James Bettner Brooke (born February 21, 1955, in New York City) is an American journalist who currently serves as editor in chief of the Ukraine Business News, an English-language subscription news site based in Kyiv, Ukraine. Previously, he was editor in chief of the English-language Khmer Times newspaper, in Cambodia. From 2010 to 2014, he was the Russia/former Soviet Union Bureau Chief for Voice of America, based in Moscow. For VOA, he wrote Russia Watch, a weekly blog. Previously, he worked as Moscow Bureau Chief for Bloomberg.
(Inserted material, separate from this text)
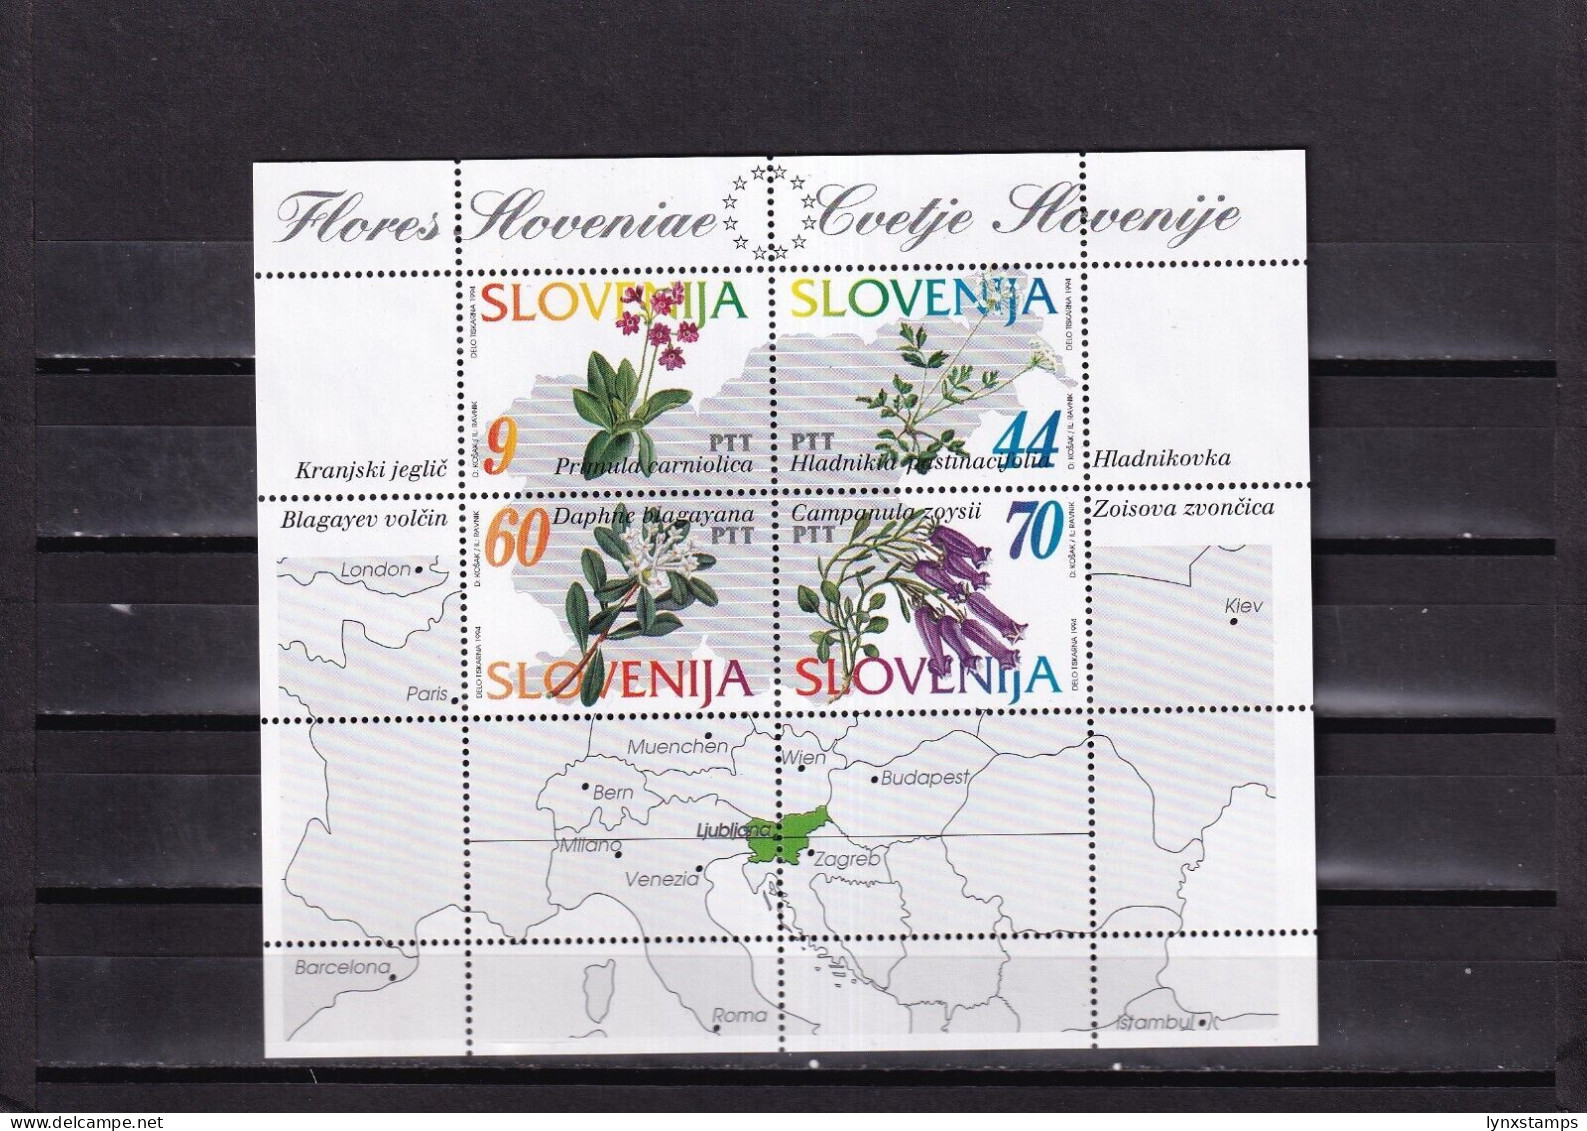 ER04 Slovenia 1994 Flowers Of Slovenia MNH Souvenir Sheet - Slovenia

Before Bloomberg, he reported for 24 years for The New York Times, largely overseas in countries such as Japan, South Korea, Ivory Coast and Brazil.

Posts held by Brooke at The New York Times have included:
 assistant to James Reston, Washington columnist, 1978–80
 metropolitan reporter, 1984–86
 bureau chief, Abidjan, Ivory Coast, December 1986-January 1989
 bureau chief, Rio de Janeiro, Brazil, February 1989-July 1995
 Rocky Mountain bureau chief, Denver, Colorado, August 1995 – 1999
 bureau chief, Canada, August 1999- 2001
 East Asia correspondent (Japan, South Korea, North Korea) based in Tokyo, August 2001-June 2006

Brooke graduated from Yale University with a BA in Latin American studies and was a stringer for United Press International as a student. In 1976, he spent a semester at Pontificia Universidade Catolica in Rio de Janeiro.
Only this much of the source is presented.